Depois de um casamento falhado, da guerra do Vietname, da dor de perder um amigo e ver morrer tanta gente, Gregory regressa ao seu passado, sem aprender nada com os erros cometidos. Só mais tarde, quando é obrigado a enfrentar a realidade, começa a perceber que o seu destino depende apenas de si mesmo, e que o Plano Infinito pode afinal ainda estar em aberto.

A minha opinião

Comprei este livro em 2009 (sei o ano porque comprei, na altura, a Biblioteca da Sábado onde este livro estava incluído) e nunca, mas nunca, olhei para ele mais do que o necessário para o arrumar, até ao dia em que me coube em sorte no Livro Secreto (curiosamente foi o último que me coube na primeira edição).
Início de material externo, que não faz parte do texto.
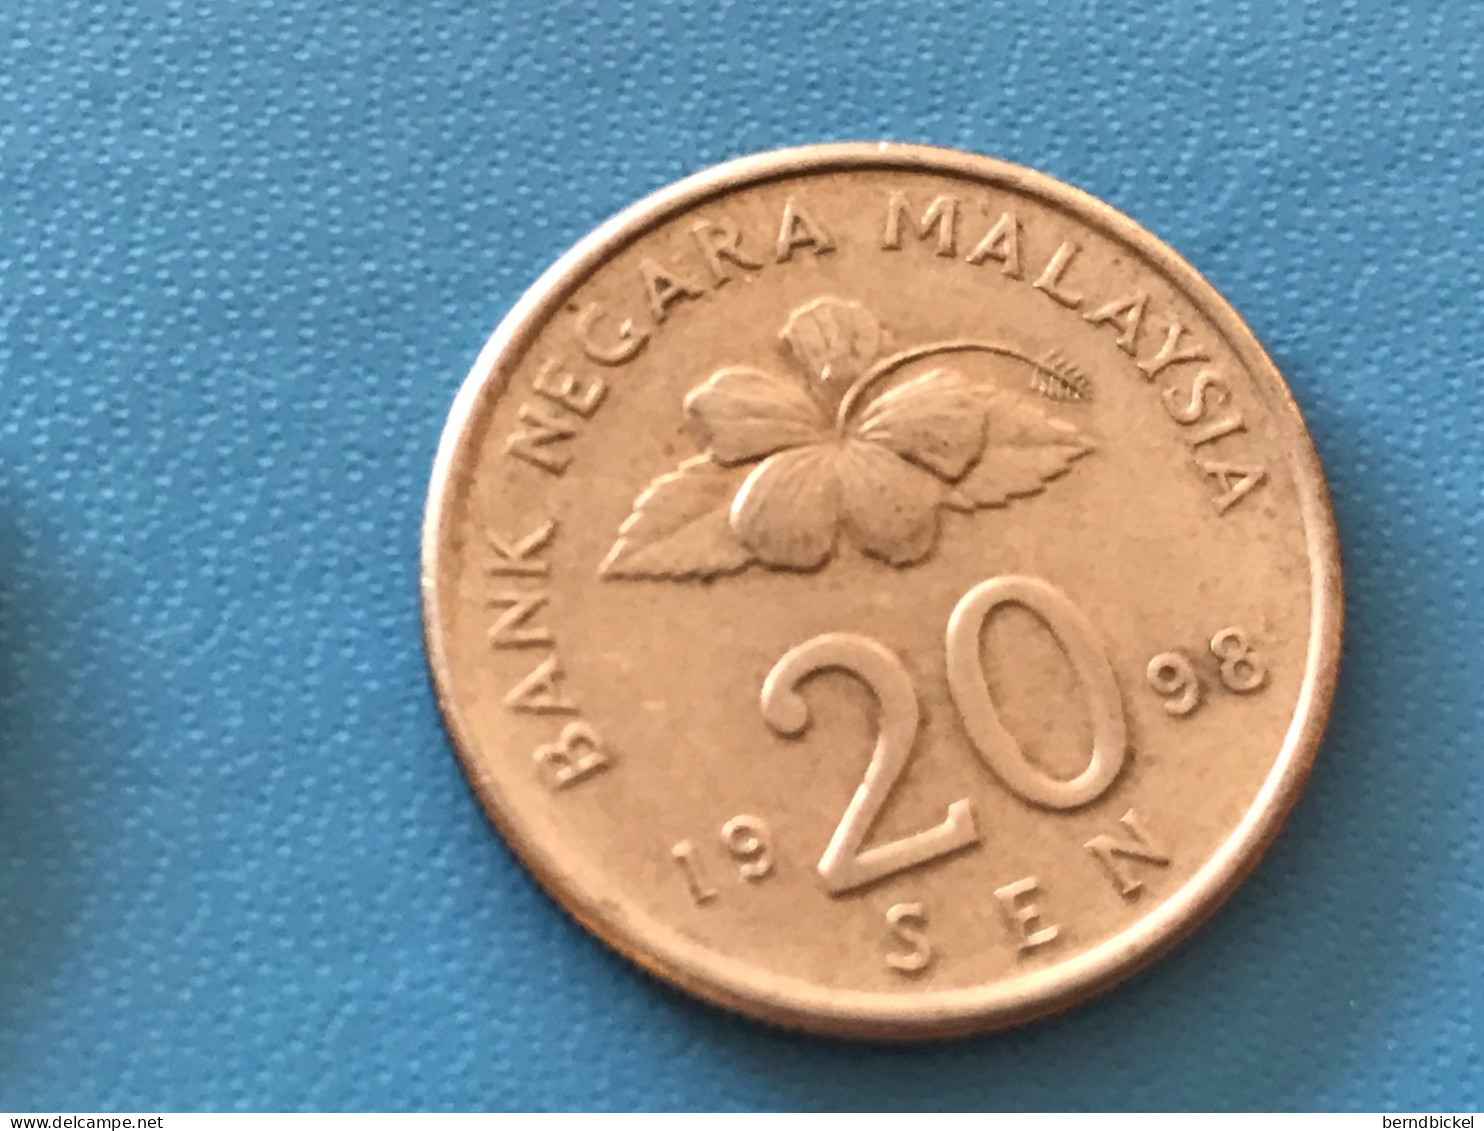 Münze Münzen Umlaufmünze Malaysia 20 Sen 1998 - Malaysie

Tenho de fazer aqui um mea culpa. Não fosse a Língua Afiada e se calhar não o teria lido agora.

Este livro grita “Isabel Allende” em todas as páginas. Não é um livro de leitura fácil ou acessível, demoramos a entrar no ritmo e na história e que, nas primeiras páginas, não atrai por ai além. Vai, aos poucos, melhorando, acabando por se tornar num livro muito bom e que transmite várias lições.
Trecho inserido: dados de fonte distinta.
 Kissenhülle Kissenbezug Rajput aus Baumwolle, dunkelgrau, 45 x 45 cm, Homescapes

Neste livro o narrador confunde-se, muitas vezes, com Gregory, a personagem principal. Umas vezes a história é contada na primeira pessoa e outras na terceira, sem que haja nada que anuncie a mudança. Creio que essa circunstância – que a mim me atraiu, pela diferença – a outros afaste por se tornar um pouco confuso.

Gregory mostra-nos, ao longo dos seus 40 anos de existência, como foi a sua procura do amor, da amizade, de si próprio, com erros e superações, um desafio constante para quem, como ele próprio, sofre de ataques de pânico e ansiedade (descritos de forma magistral e que – se mais razões não existissem – tornam o livro ainda melhor).

Se tiverem oportunidade, leiam. Vão hesitar ao início, vão sentir necessidade de o largar mas insistam. Vai valer a pena.